# [Exercise details]
Every line below is to be set down again exactly; any image stays out.

# [Supplied material]
*** Block opens ***

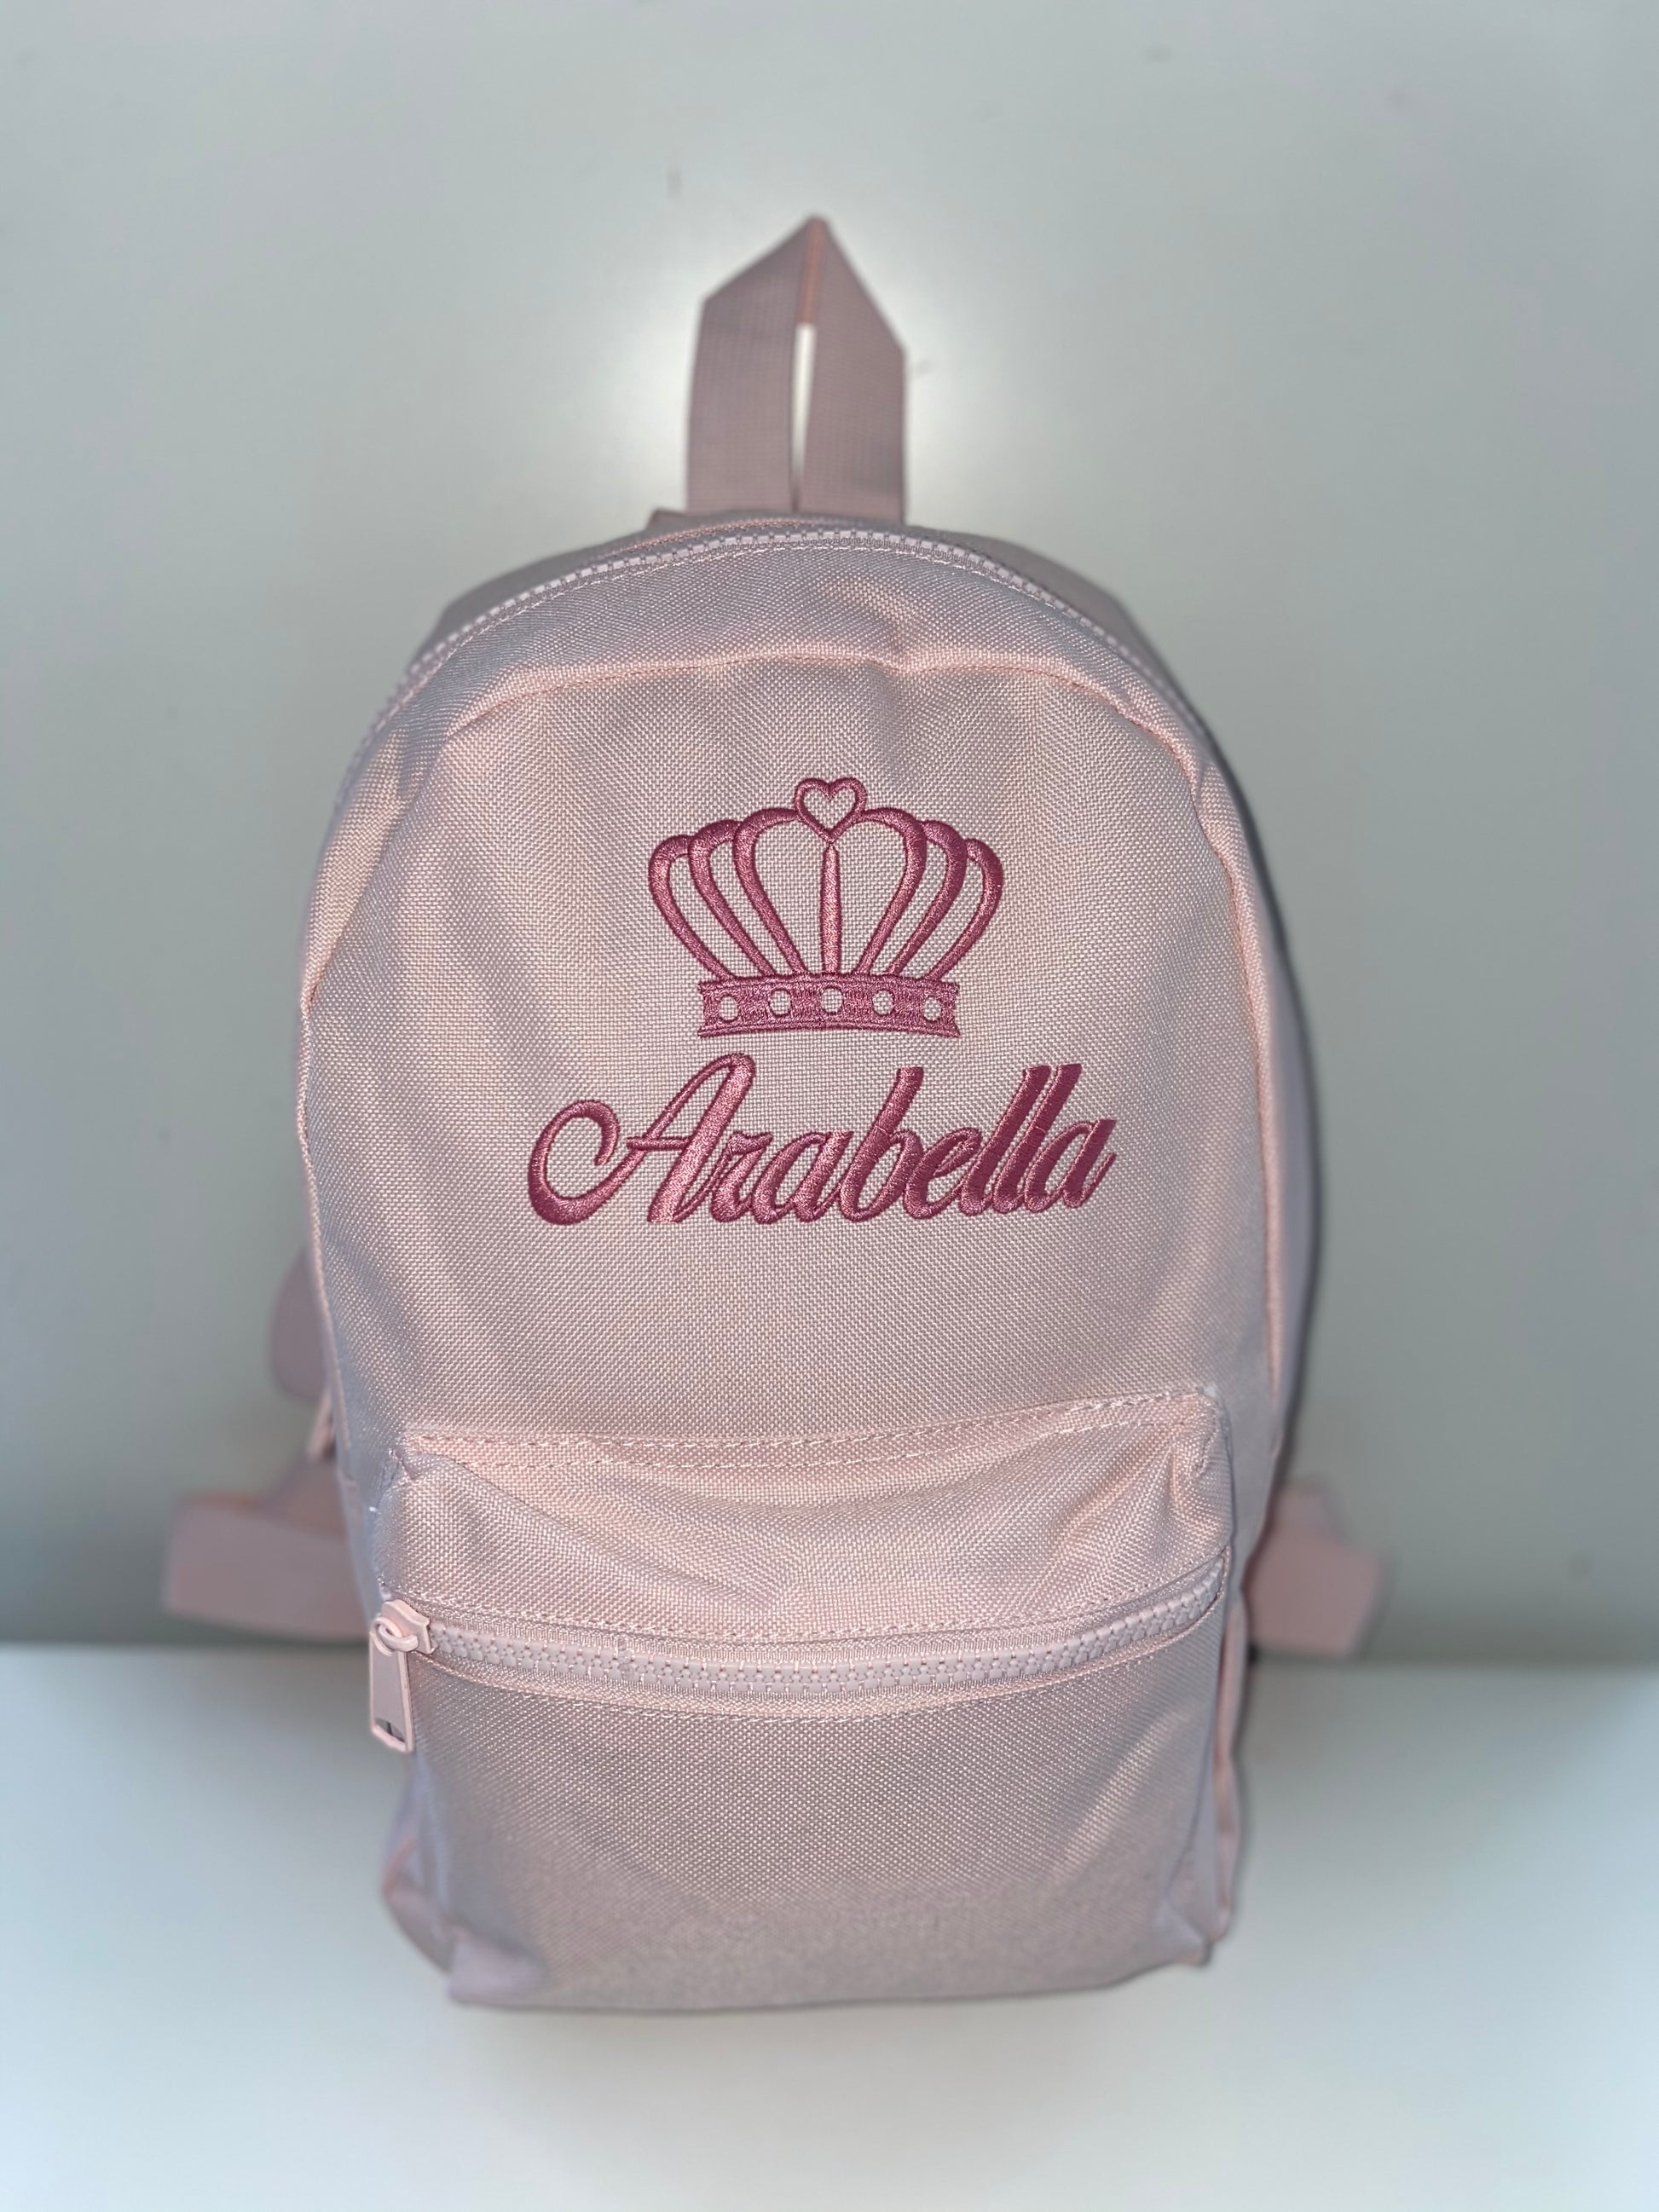 Pink Backpack with Pink Stitching
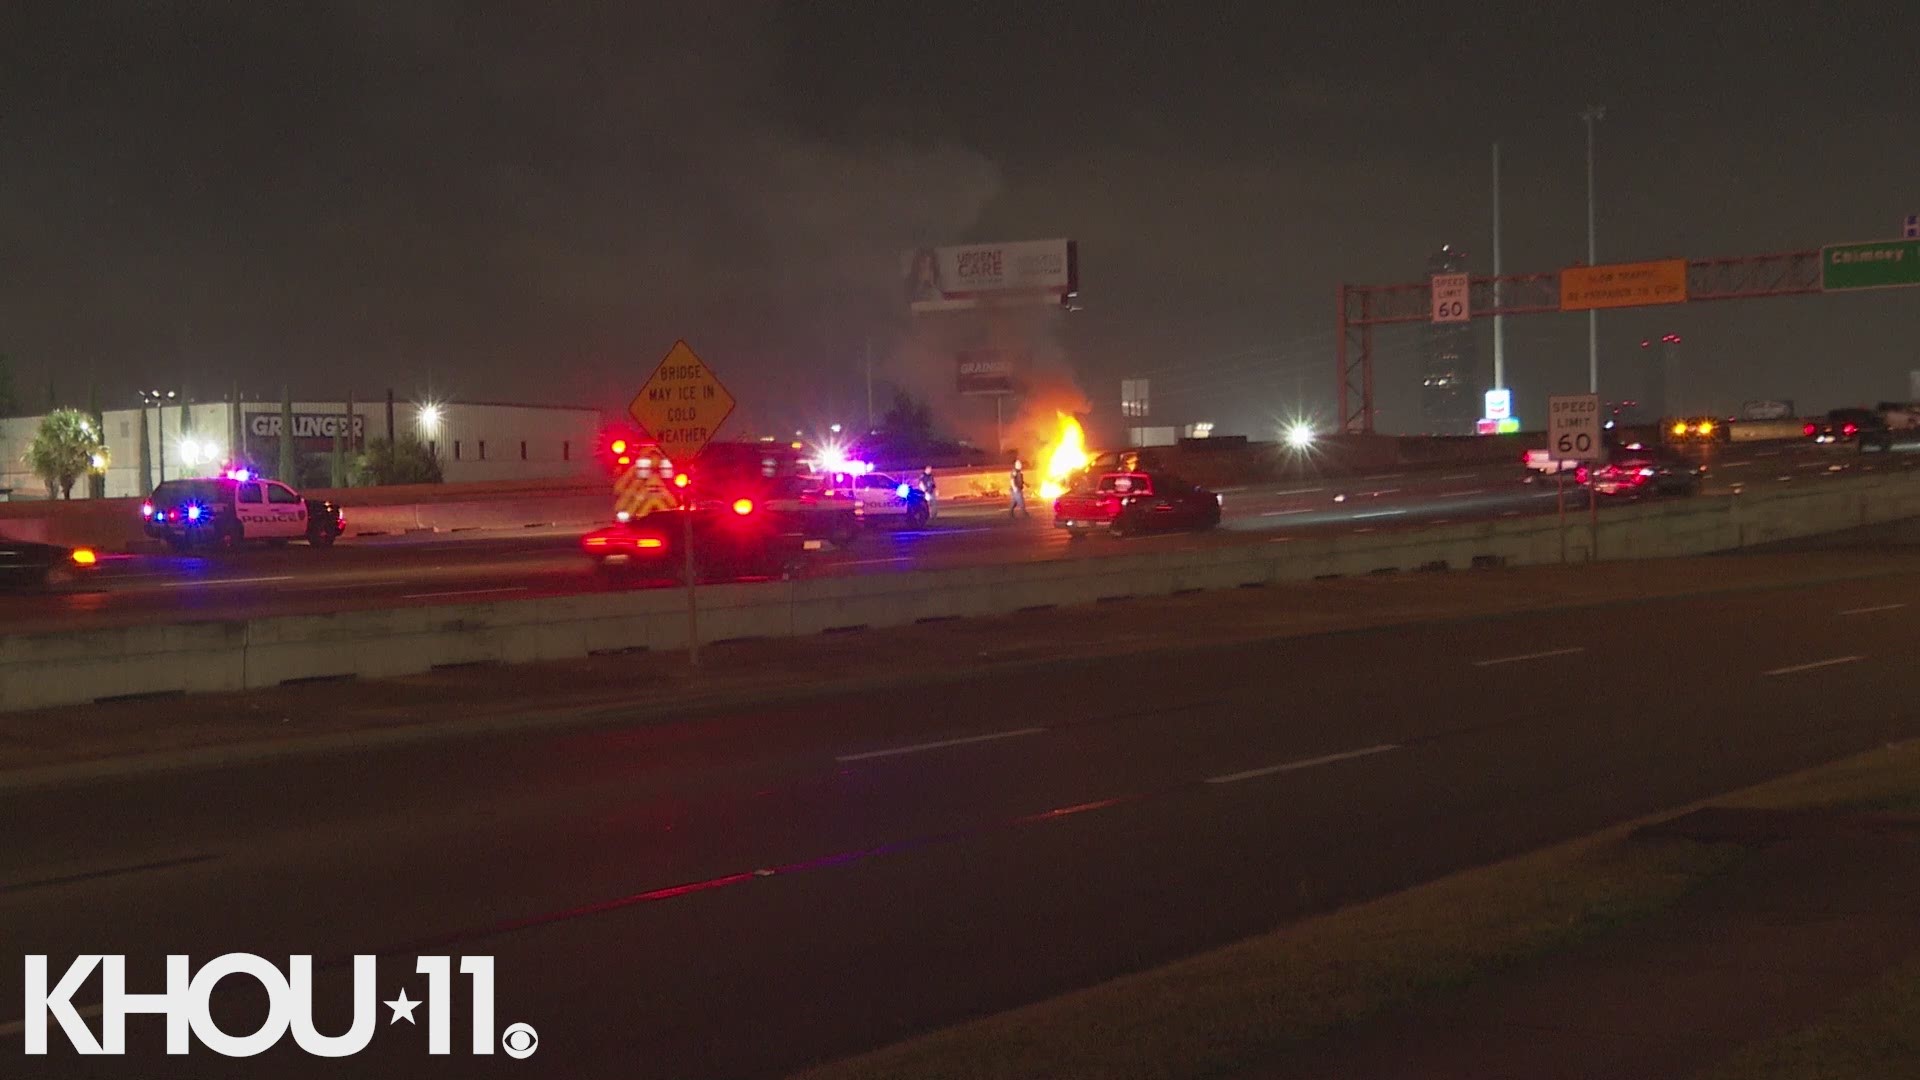 At least one person was injured in a fiery crash on the Southwest Freeway near Chimney Rock. Police said at least three cars were involved in the crash.
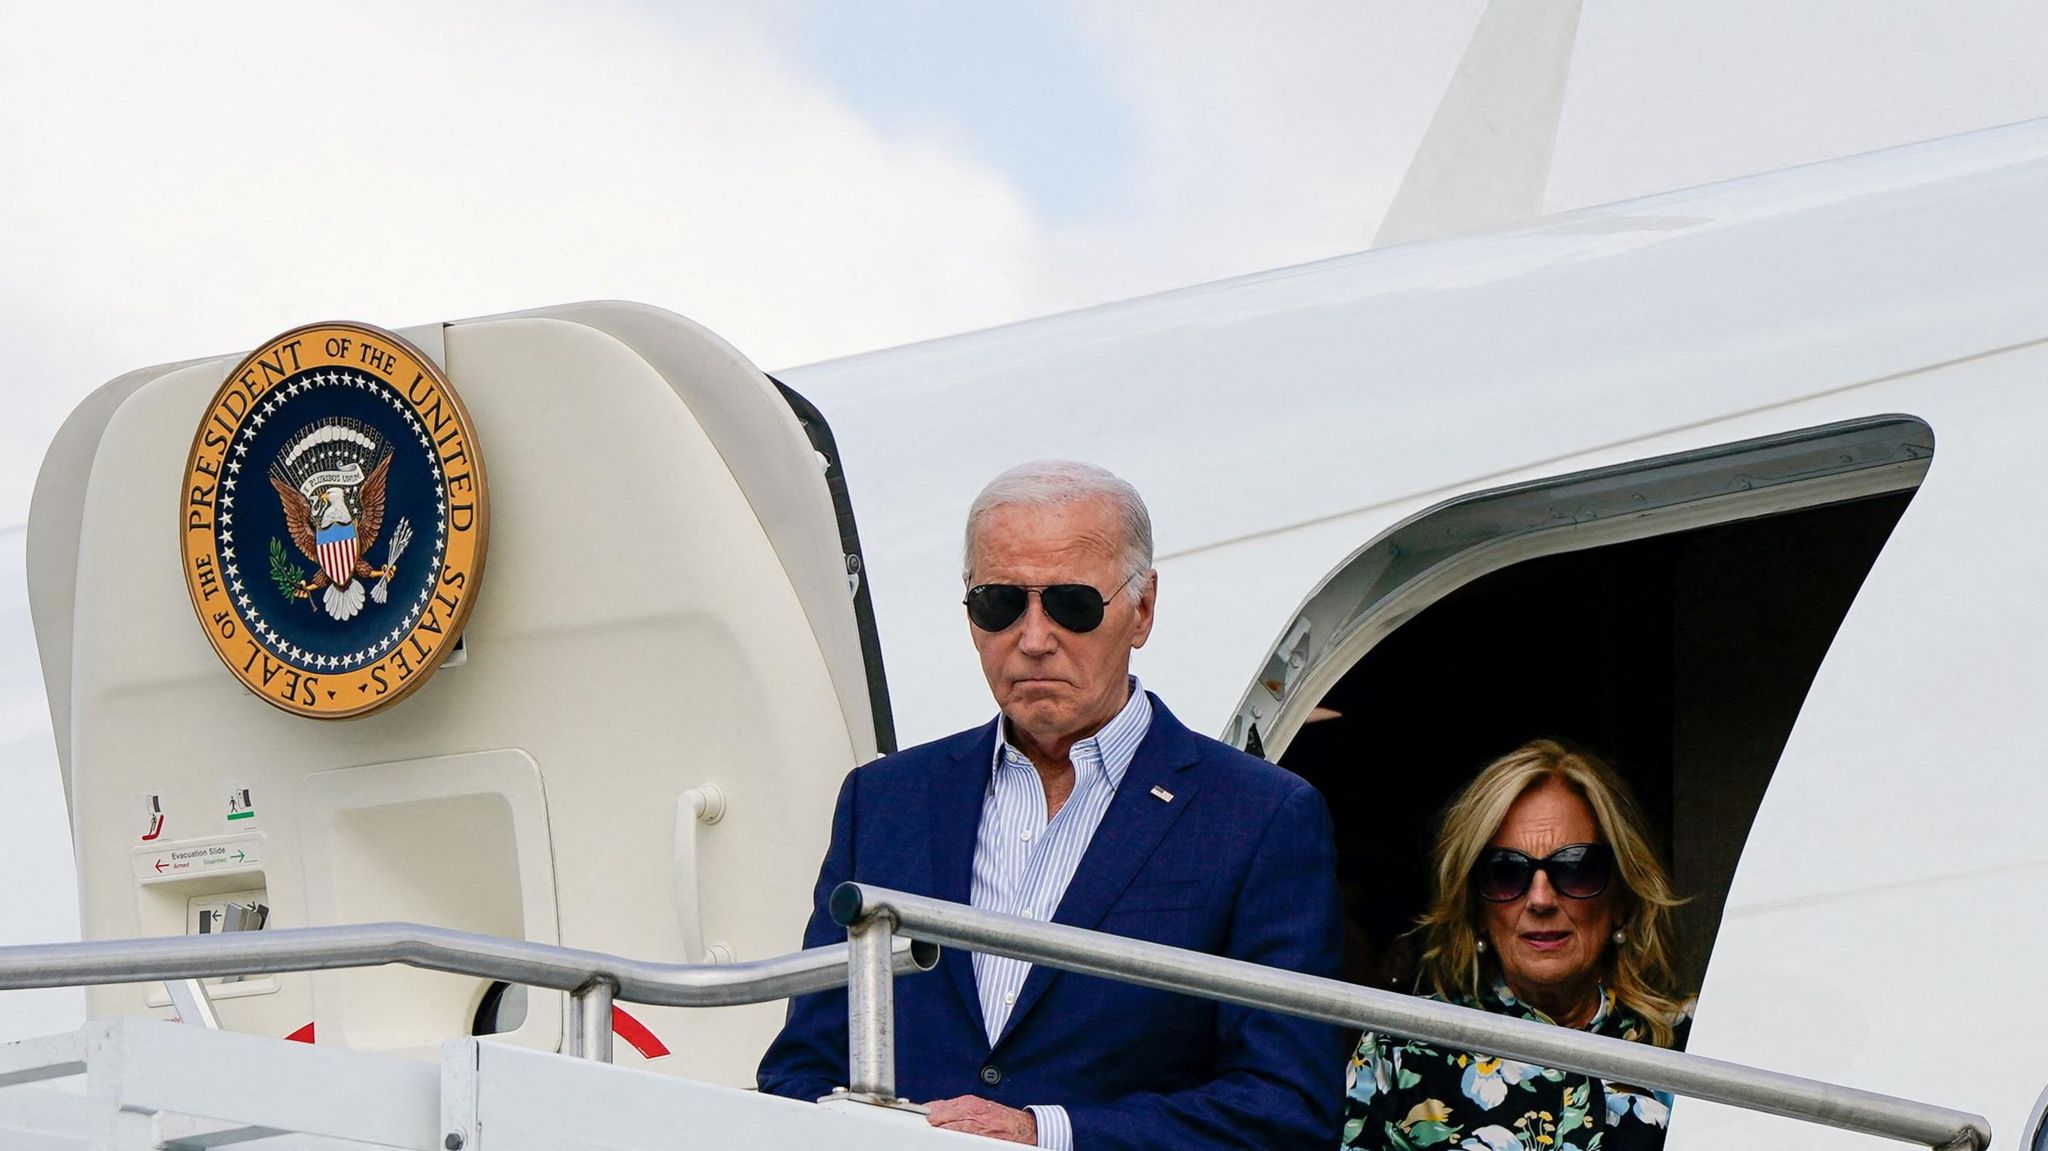 Biden and his wife Jill exiting Air Force One

*** Block closes ***

# [Solution to the problem]
 Pink Backpack with Pink Stitching
 At least one person was injured in a fiery crash on the Southwest Freeway near Chimney Rock. Police said at least three cars were involved in the crash.
 Biden and his wife Jill exiting Air Force One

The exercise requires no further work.